Dataset items
------------
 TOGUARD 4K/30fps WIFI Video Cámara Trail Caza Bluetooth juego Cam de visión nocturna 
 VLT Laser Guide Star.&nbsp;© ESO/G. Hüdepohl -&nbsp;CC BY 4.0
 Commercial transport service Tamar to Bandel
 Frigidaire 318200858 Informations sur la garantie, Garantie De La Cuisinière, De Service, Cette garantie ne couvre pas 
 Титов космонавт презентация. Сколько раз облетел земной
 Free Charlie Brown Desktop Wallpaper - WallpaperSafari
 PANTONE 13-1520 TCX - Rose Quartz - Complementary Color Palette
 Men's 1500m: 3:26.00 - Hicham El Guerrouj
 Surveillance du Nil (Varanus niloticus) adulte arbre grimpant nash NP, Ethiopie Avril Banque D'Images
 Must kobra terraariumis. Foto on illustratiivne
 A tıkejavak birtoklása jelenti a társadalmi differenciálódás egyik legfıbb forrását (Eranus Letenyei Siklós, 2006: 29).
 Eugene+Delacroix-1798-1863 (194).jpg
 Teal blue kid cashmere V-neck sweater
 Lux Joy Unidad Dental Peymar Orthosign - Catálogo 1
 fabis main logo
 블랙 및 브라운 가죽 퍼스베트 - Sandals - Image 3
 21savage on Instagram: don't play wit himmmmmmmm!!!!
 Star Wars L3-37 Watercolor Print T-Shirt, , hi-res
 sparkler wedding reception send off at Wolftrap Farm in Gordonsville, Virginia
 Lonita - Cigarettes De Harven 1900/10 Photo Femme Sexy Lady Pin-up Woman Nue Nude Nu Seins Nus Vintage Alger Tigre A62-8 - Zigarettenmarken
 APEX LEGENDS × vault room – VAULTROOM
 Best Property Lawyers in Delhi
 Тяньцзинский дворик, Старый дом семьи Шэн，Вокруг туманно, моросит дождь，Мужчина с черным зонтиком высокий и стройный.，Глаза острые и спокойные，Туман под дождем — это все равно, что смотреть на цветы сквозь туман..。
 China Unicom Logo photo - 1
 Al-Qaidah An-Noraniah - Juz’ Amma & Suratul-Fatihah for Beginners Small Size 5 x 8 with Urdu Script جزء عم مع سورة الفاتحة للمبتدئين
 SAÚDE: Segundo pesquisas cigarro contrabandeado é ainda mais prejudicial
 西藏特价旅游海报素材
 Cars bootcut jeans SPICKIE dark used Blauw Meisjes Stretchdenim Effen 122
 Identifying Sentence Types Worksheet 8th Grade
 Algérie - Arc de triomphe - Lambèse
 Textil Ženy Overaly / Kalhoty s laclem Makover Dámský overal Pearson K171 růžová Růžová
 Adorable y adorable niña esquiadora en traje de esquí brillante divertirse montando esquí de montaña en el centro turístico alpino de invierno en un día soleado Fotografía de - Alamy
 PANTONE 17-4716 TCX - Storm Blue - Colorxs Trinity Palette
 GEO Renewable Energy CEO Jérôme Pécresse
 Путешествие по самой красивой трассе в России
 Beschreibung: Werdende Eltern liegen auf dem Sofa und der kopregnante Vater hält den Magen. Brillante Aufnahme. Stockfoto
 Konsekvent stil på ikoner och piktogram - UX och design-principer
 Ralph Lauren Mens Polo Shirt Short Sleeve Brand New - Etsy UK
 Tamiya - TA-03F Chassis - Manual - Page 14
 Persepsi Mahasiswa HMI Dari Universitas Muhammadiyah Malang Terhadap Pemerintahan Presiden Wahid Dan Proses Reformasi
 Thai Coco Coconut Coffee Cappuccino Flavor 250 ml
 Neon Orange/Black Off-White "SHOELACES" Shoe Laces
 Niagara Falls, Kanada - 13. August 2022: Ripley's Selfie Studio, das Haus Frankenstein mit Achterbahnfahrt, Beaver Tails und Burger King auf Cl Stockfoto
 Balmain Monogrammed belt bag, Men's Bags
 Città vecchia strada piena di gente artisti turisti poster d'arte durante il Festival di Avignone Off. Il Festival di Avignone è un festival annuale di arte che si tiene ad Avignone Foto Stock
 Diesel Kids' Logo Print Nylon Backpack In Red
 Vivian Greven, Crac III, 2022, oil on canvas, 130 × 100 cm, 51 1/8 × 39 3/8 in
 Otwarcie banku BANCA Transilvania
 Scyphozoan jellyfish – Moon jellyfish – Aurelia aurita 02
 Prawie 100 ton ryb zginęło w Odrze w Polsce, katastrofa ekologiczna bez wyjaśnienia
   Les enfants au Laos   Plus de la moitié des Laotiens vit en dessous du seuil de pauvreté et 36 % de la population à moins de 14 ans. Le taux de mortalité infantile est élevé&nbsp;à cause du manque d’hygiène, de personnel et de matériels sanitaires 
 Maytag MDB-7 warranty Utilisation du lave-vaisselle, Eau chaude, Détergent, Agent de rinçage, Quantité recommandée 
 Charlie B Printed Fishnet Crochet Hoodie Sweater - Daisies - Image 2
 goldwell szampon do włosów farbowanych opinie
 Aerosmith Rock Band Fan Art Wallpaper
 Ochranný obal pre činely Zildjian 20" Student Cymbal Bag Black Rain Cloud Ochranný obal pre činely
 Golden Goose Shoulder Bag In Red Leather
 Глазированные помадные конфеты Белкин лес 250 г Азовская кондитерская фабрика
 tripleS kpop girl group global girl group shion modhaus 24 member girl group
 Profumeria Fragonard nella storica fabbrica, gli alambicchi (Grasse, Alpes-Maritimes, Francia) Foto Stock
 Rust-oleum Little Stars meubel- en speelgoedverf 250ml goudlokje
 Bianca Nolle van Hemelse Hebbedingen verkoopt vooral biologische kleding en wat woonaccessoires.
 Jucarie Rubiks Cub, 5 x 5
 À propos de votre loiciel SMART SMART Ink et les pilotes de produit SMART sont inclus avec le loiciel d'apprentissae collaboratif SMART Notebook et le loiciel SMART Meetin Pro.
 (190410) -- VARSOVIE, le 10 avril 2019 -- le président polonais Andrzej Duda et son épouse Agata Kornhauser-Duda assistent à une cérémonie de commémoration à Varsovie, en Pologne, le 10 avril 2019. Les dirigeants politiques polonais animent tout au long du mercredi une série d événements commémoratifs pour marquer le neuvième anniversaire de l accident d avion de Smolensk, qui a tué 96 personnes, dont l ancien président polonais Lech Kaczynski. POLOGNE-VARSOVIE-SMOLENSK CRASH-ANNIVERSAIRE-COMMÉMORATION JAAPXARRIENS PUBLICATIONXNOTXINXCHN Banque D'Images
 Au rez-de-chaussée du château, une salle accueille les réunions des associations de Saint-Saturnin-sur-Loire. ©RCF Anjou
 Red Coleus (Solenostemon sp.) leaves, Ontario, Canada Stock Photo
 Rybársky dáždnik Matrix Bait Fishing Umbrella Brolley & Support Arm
------------
## [Problem requirements]
Only the lines from the top of the data through the line that contains "A tıkejavak birtoklása" should be quoted, exactly as they stand.

## [Written response]
 TOGUARD 4K/30fps WIFI Video Cámara Trail Caza Bluetooth juego Cam de visión nocturna 
 VLT Laser Guide Star.&nbsp;© ESO/G. Hüdepohl -&nbsp;CC BY 4.0
 Commercial transport service Tamar to Bandel
 Frigidaire 318200858 Informations sur la garantie, Garantie De La Cuisinière, De Service, Cette garantie ne couvre pas 
 Титов космонавт презентация. Сколько раз облетел земной
 Free Charlie Brown Desktop Wallpaper - WallpaperSafari
 PANTONE 13-1520 TCX - Rose Quartz - Complementary Color Palette
 Men's 1500m: 3:26.00 - Hicham El Guerrouj
 Surveillance du Nil (Varanus niloticus) adulte arbre grimpant nash NP, Ethiopie Avril Banque D'Images
 Must kobra terraariumis. Foto on illustratiivne
 A tıkejavak birtoklása jelenti a társadalmi differenciálódás egyik legfıbb forrását (Eranus Letenyei Siklós, 2006: 29).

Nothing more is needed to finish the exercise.